Return the listing below unchanged, minus its pictures.

DATASET CONTENT =>

_ _ _ _ _ _ _

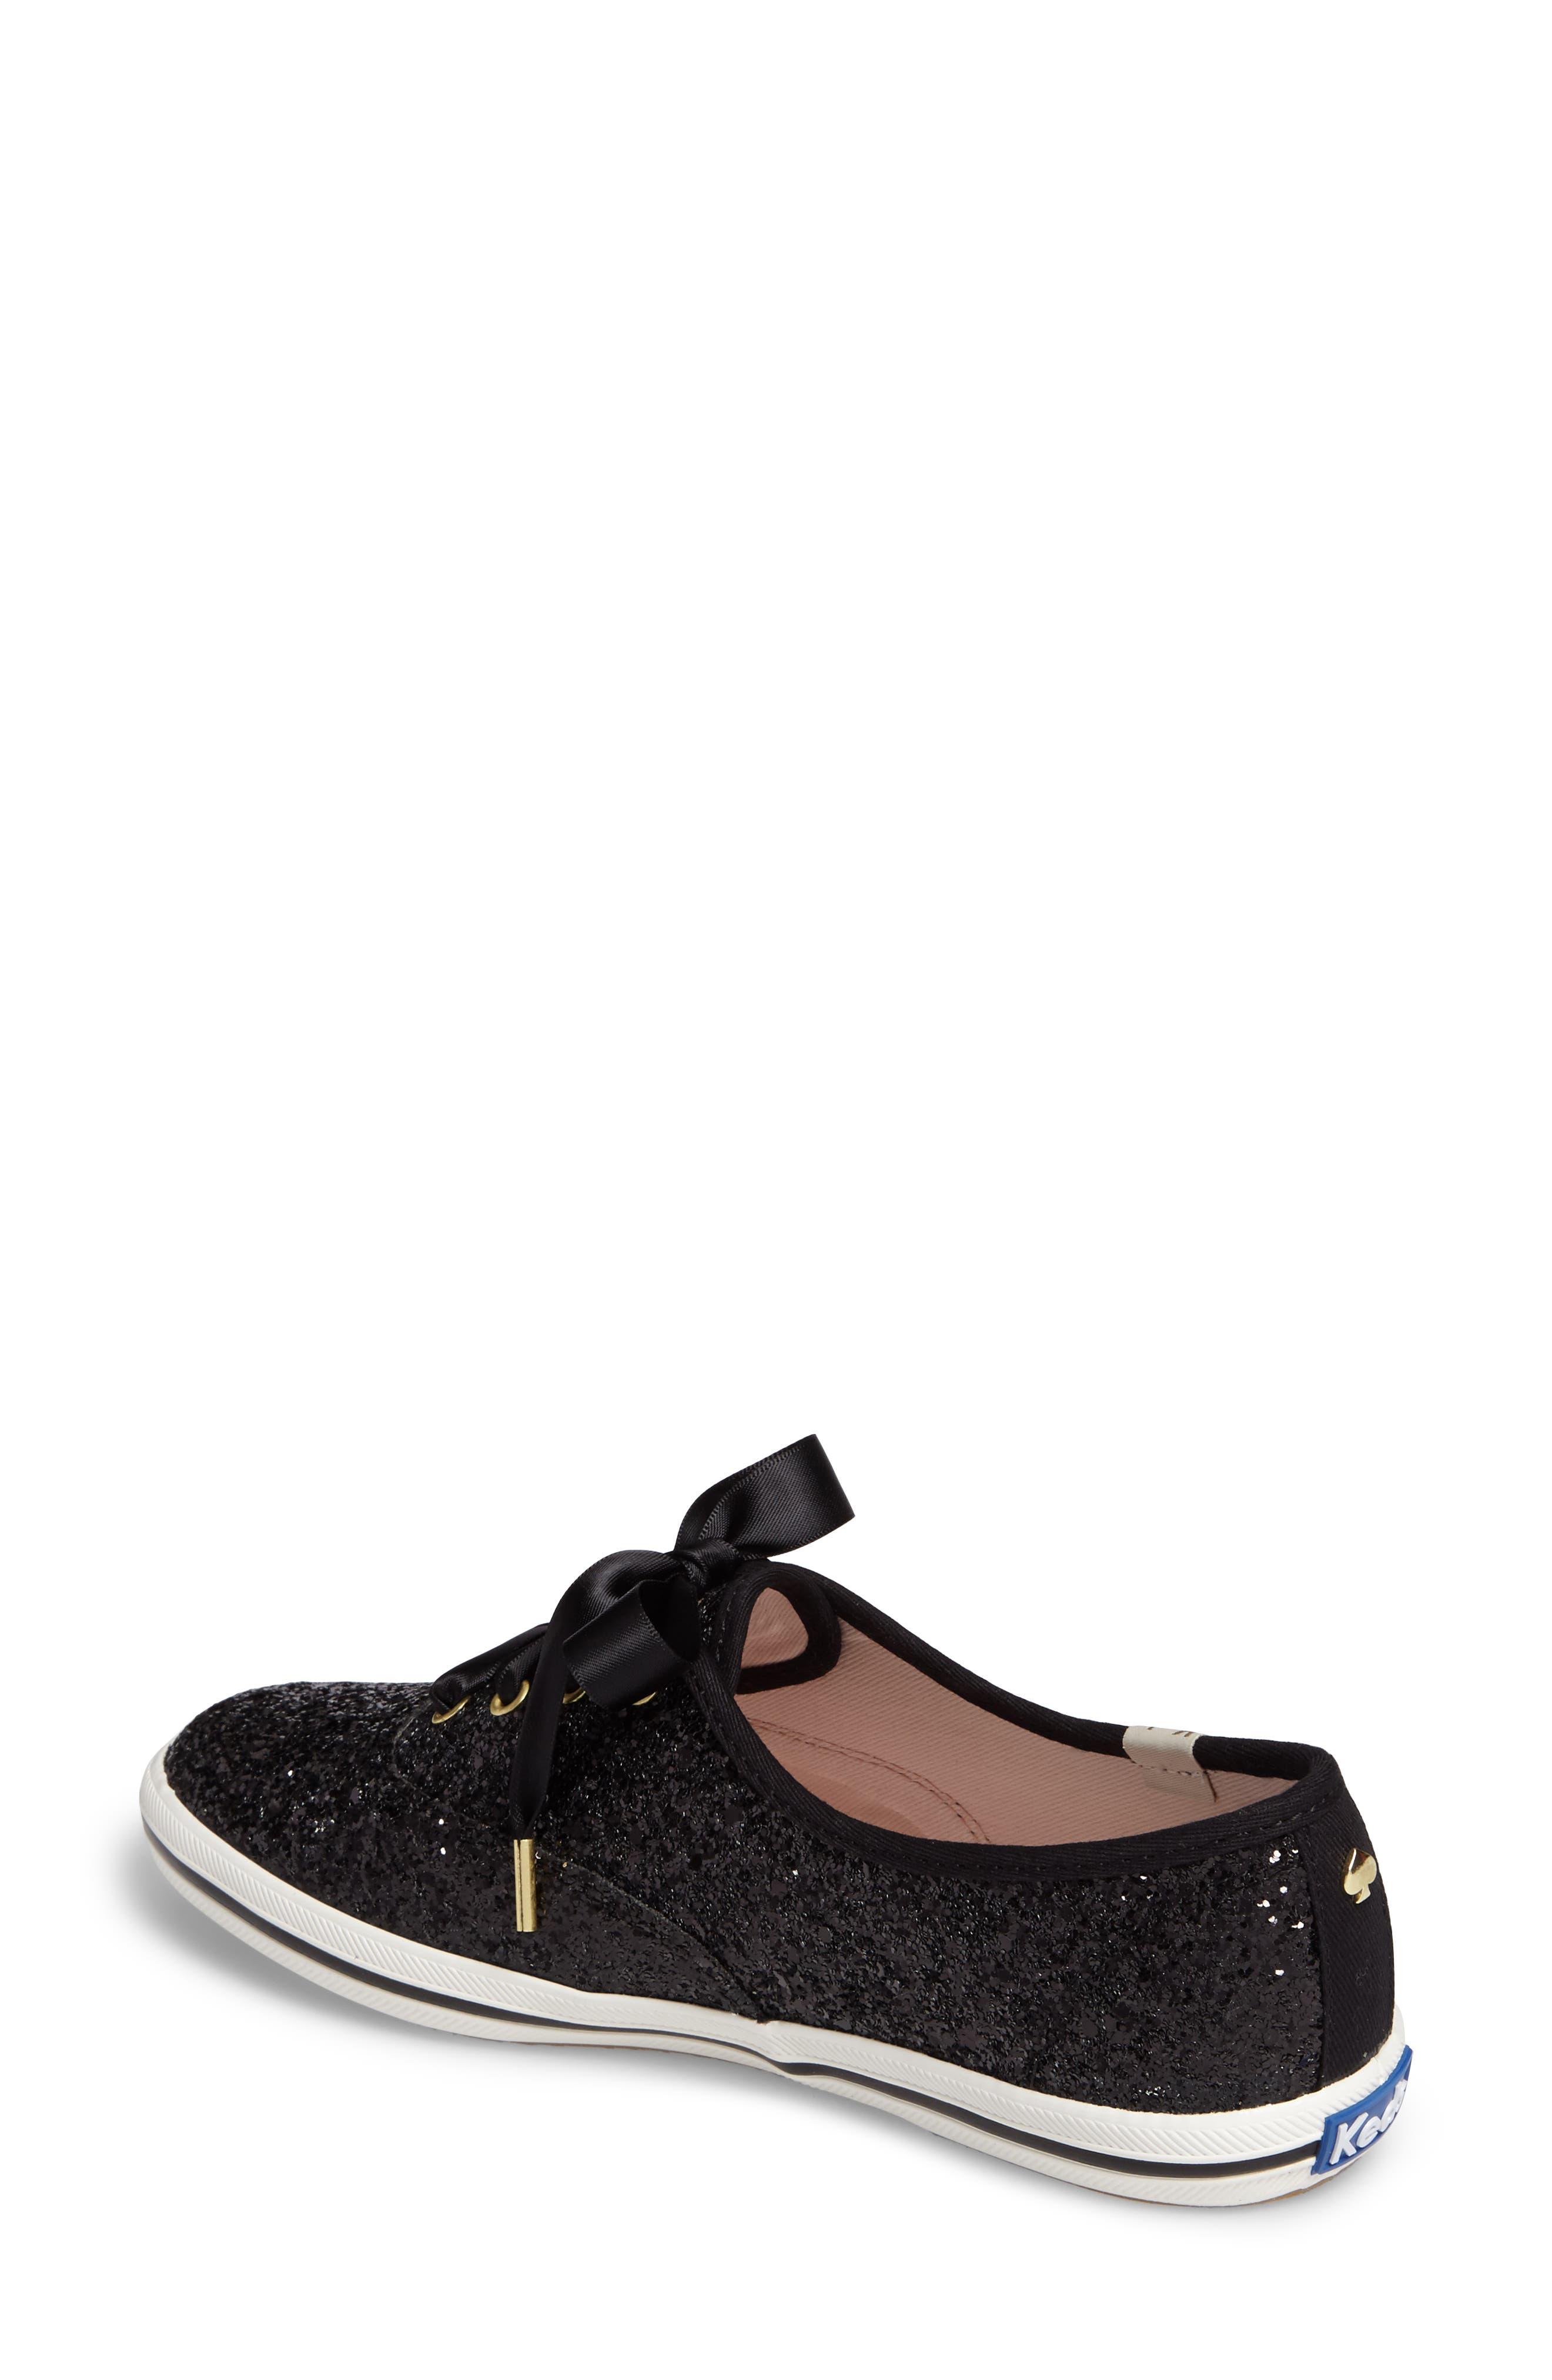 b45bc0e2ae9f glitter shoes
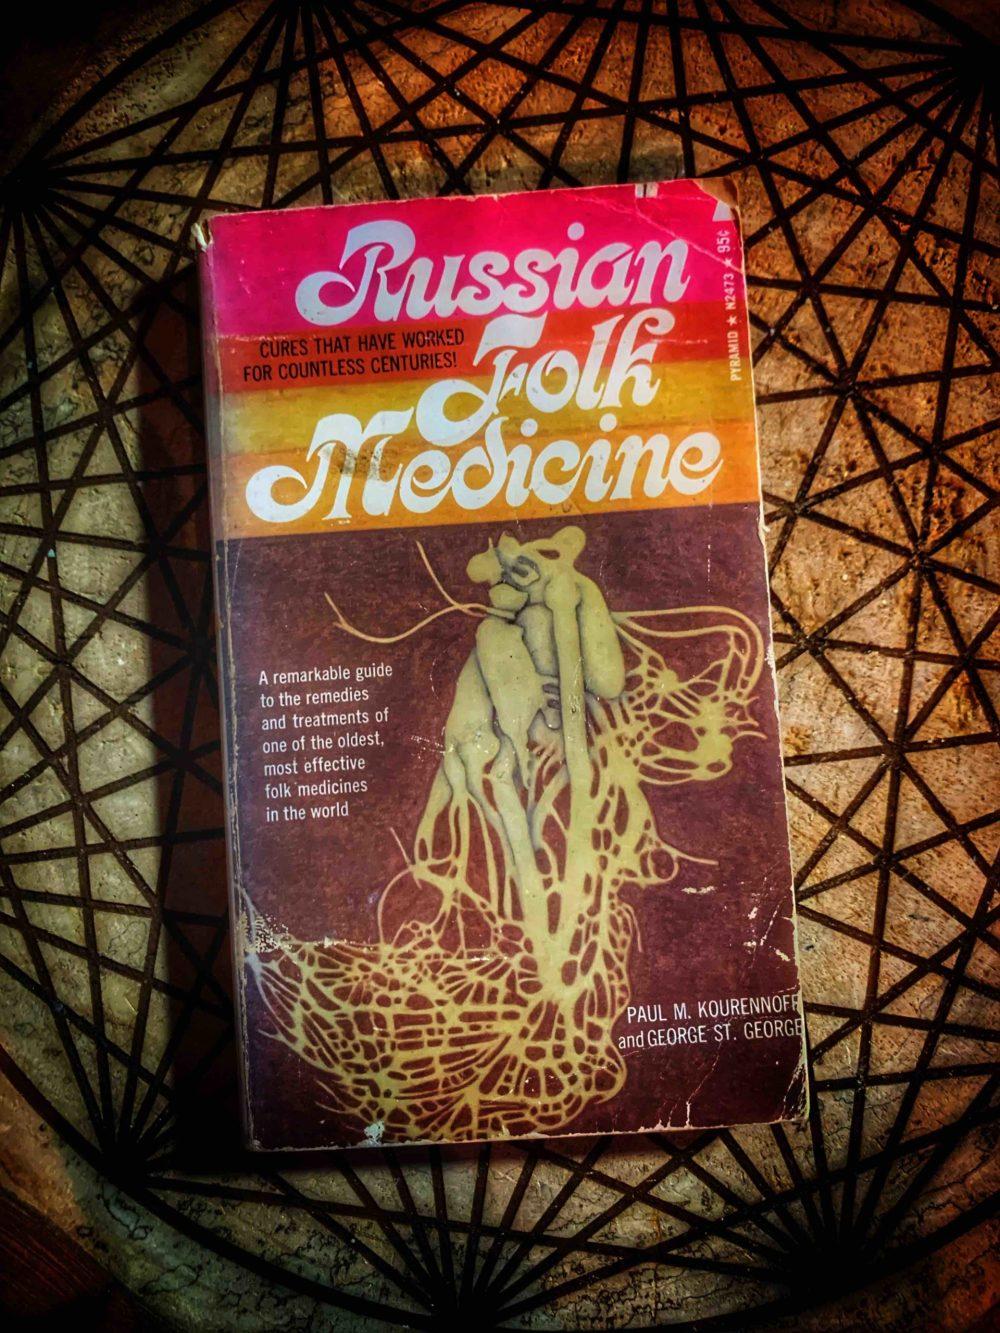 Russian Folk Medicine
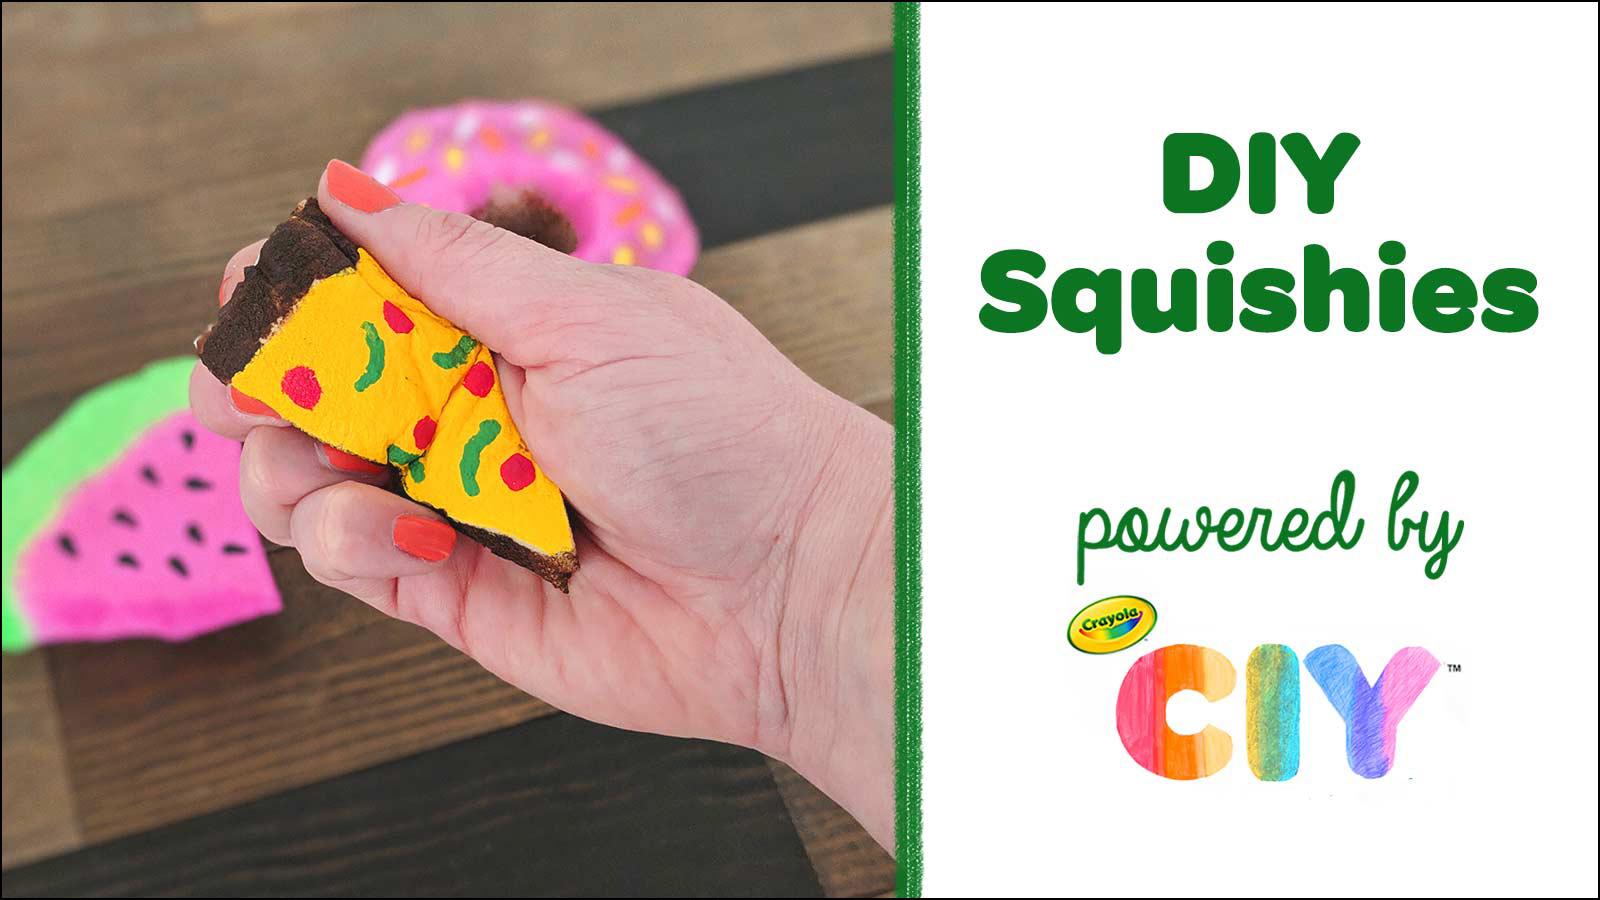 Diy Squishies Squishy Toy Kids Craft Crafts Crayola Com Crayola Ciy Diy Crafts For Kids And Adults Crayola Com
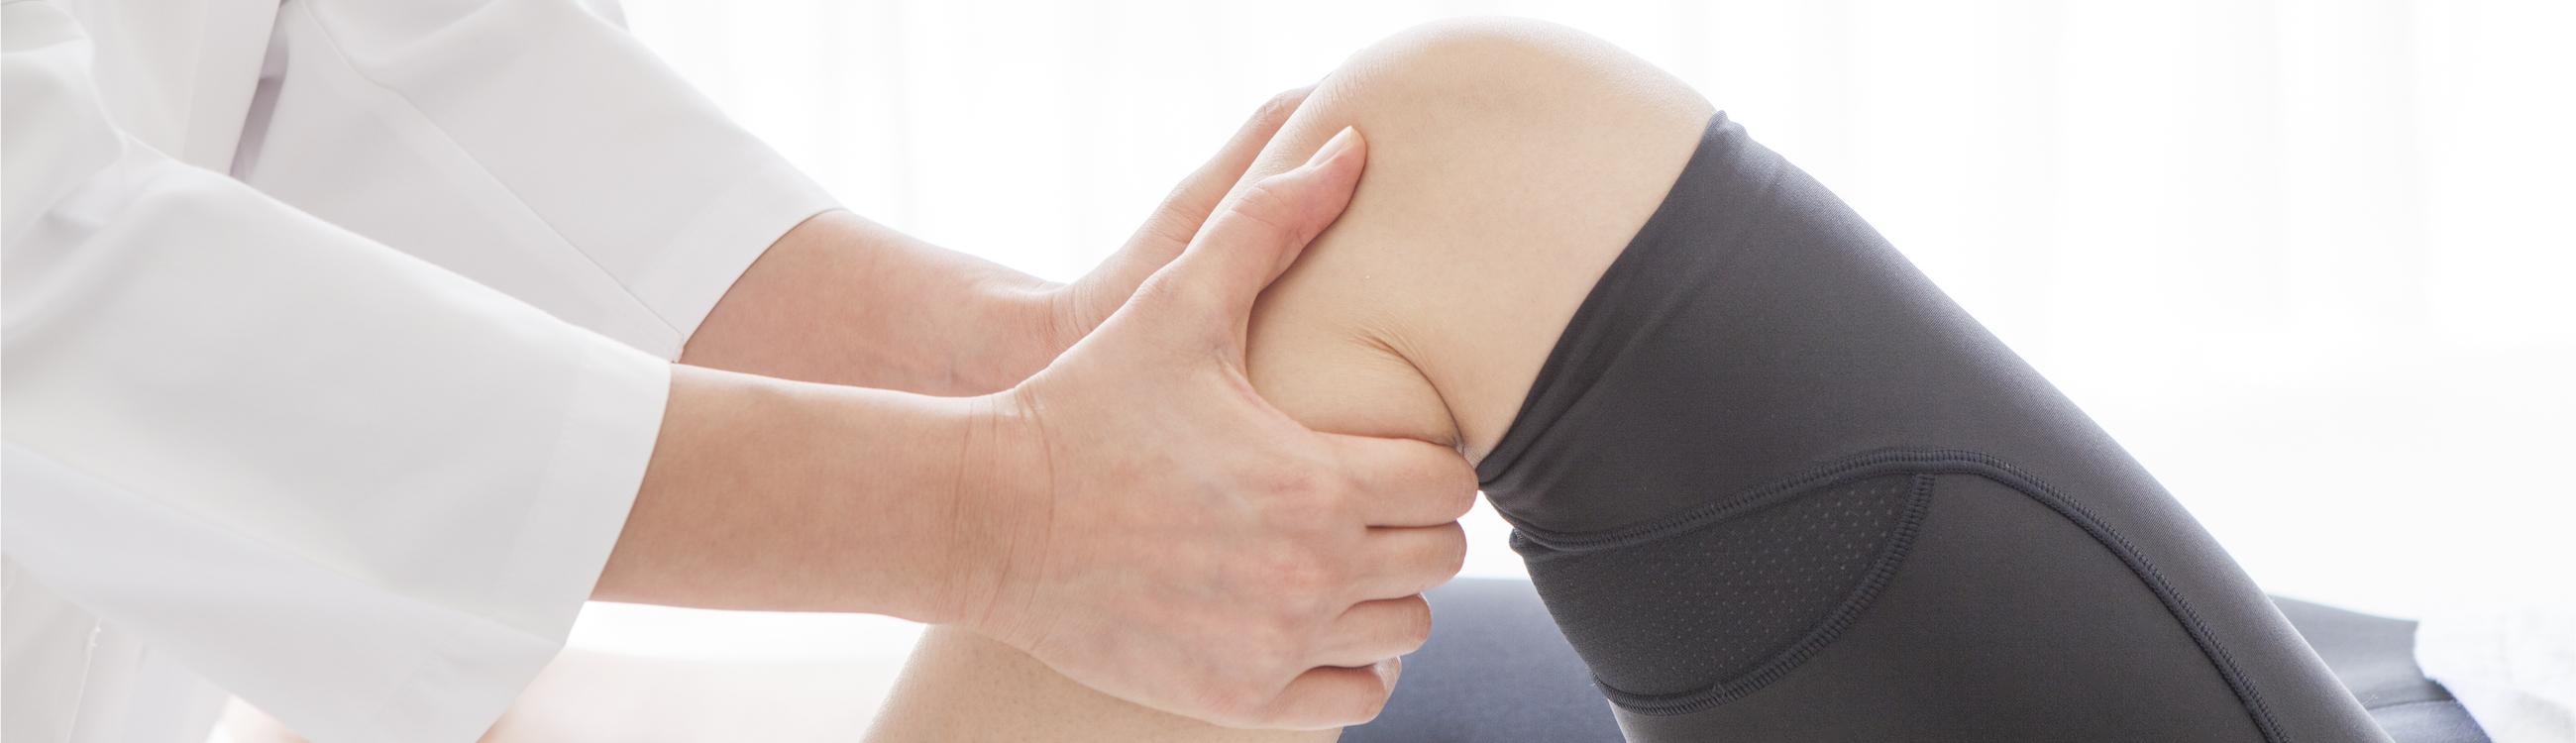 pain behind knee rehabilitation

_ _ _ _ _ _ _

RESULT BELOW =>
 b45bc0e2ae9f glitter shoes
 Russian Folk Medicine
 Diy Squishies Squishy Toy Kids Craft Crafts Crayola Com Crayola Ciy Diy Crafts For Kids And Adults Crayola Com
 pain behind knee rehabilitation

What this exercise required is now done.